Some guys have an aversion to shimming. Nousche Rosenberg told me he didn't like to shim unless there was no other way, and it sounds Like CVH feels the same way. They have a valid point. But if you need to shim, here are a few things to keep in mind:
1.) Shim material/number can form an acoustic filter:
There's a concept called 'constrained layer dampening' that exists because sound waves lose energy when they are forced to pass through materials of different density. This attenuating filter is a result of mechanical impedance differential. This is the reason that insulating a room cuts down on sound, and why truck-bed-liner reduces vibration and why a person can't speak to someone who is underwater. Essentially, sound waves that travel well through one density of material don't travel well through significantly different densities of material, and a few other things come into play etc. Anyway, guitars are already only ~10%+/- efficient at turning vibration into sound, and one of the reasons is that vibration goes from metal strings into a hardwood bridge, into a softwood top. These transitions steal energy and turn it into heat & whatnot, and in so doing, they filter the energy. Fortunately, we perceive that filtration as a positive thing, as we are used to the sound of a guitar, and part of the character of the sound is this filtration. It's also why bridges of different materials & weights sound different; they form different filters. But no matter what your bridge is made of, if you stack a bunch of shims of different types of wood under it, you can dramatically increase the number of impedance transitions. What does this mean in the real world? Usually it means you lose treble, volume & attack/response. I recently did some work on a Favino for an artist. It was a great guitar, but the bridge had been "lightened" (translation - shaved to within an inch of its life) and had 3 or 4 shims of dissimilar wood densities (poplar, maple, rosewood) under each foot. The bridge didn't have enough mass to function properly and the shims presented a huge dampening filter. I made it a decent bridge and the guitar woke right up. But a rosewood shim under a good rosewood bridge wouldn't be a huge problem.

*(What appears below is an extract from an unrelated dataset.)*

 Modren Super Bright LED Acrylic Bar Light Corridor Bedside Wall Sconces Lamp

2.) Unequal numbers of shims under the bridge feet change the bridge fit:
Imagine laying a book on a table. It lays flat. Now imagine laying that book across two equal height drink coasters. The middle of the book is suspended, but the ends of the book lay flat across the coasters, and the bottom of the coasters lay flat on the table and the bottom of the coasters bear equal weight all across their bottoms.

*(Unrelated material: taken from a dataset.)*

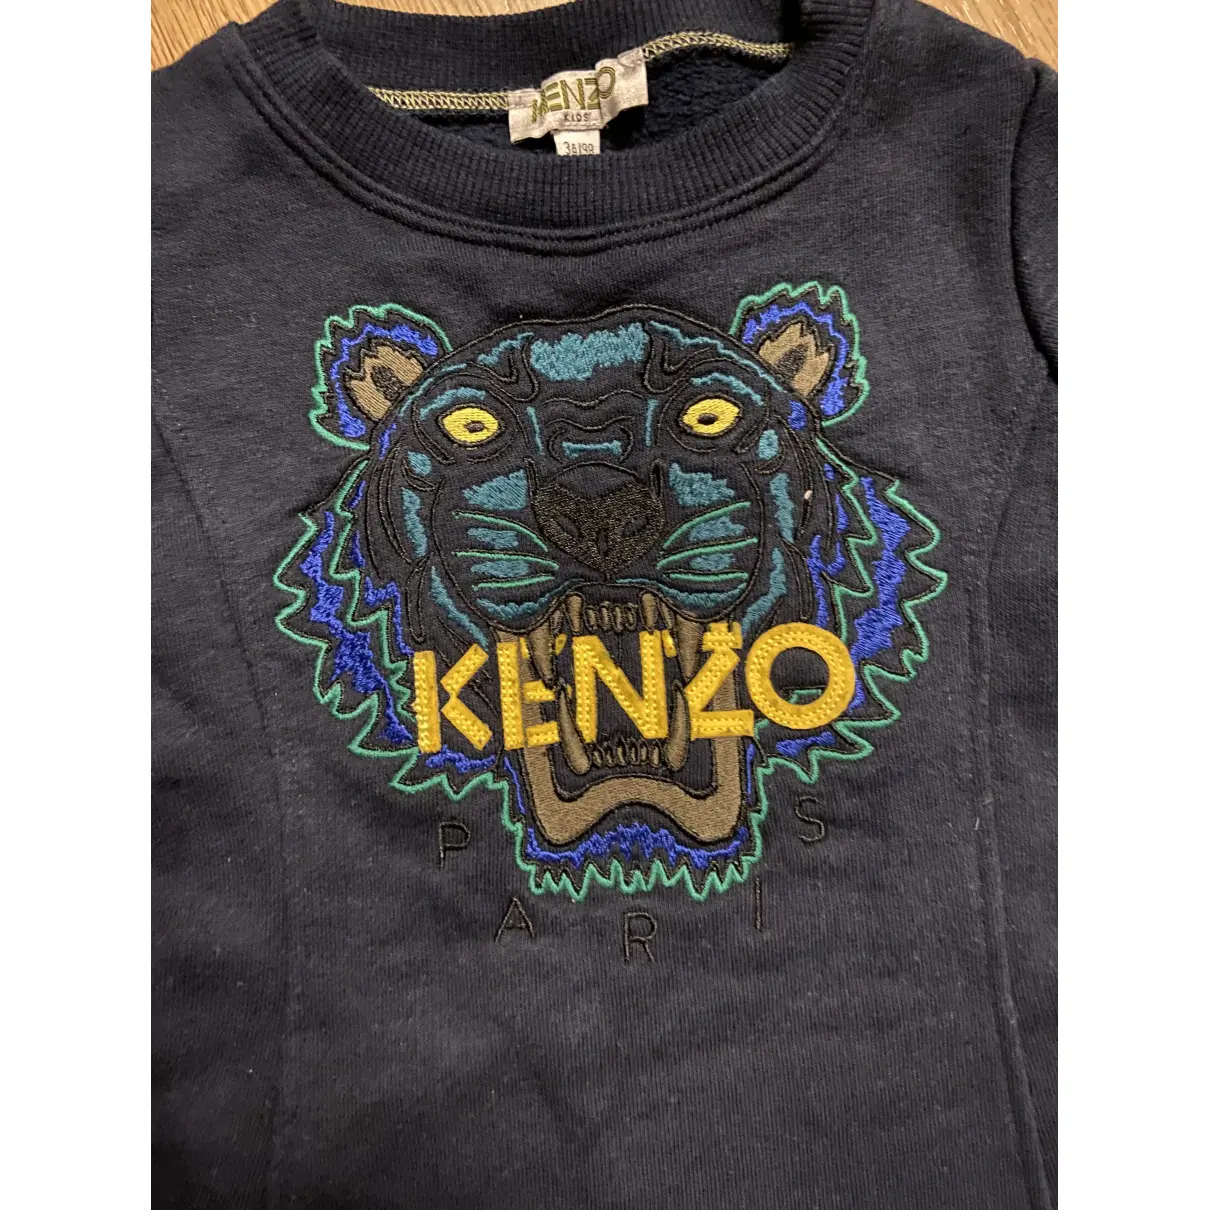 Buy Kenzo Tiger mini dress online

Now, add one drink coaster under one side of the book so that you have two under one side and one under the other. You'll see that the book now lays across the inside of the higher stack of coasters and the outside of the lower side. Instead of the weight of the book bearing evenly across the coasters, it's borne by the inside and outside edges of the coasters. This is exactly what happens when you unequally shim the feet of a bridge. Now, in reality, shims are thin, so it's not a big deal if you put a shim under one side, or two under one side and one under the other, but if you get carried away with unequal shims, not only are you likely to crack your top, but your bridge will no longer bear squarely on the tonebars connecting the 3rd and 4th braces and that will dramatically steal power from the guitar because the bridge will no longer bear on a node. Somewhere I did a video of the power transfer difference between on-node & off-node loading... I think it was in response to someone asking about where to mount a contact mic but the same principal applies to an ill fitting bridge.
Anyway - now you know more than you ever wanted to know about shims.
Bottom line:
- Use all one type of wood - preferably the same type of wood as the bridge
- Don't use a lot more under one side than the other. If you have to do this, then glue the shims to the bottom of the bridge feet and re-fit the bridge.
Ahhh... found the vid. Again, the effect of an ill fitting bridge not bearing on the bridge tonebars is less pronounced, but... a similar thing is happening.
You get one chance to enjoy this day, but if you're doing it right, that's enough.
> This attenuating filter is a result of mechanical impedance differential.
I love it when people explain stuff in my native language
> Again, the effect of an ill fitting bridge not bearing on the bridge tonebars is less pronounced, but... a similar thing is happening.
By tone bars, do you mean the two short braces that run perpendicular to the bridge and placed right under the contact points? The bridge on one of my guitars has unusually long feet, which I think extend beyond the width of those braces. Is this bad, or just fine? If I needed to shim, should I cut pieces as big as the existing feet or smaller ones to overlap with those braces only?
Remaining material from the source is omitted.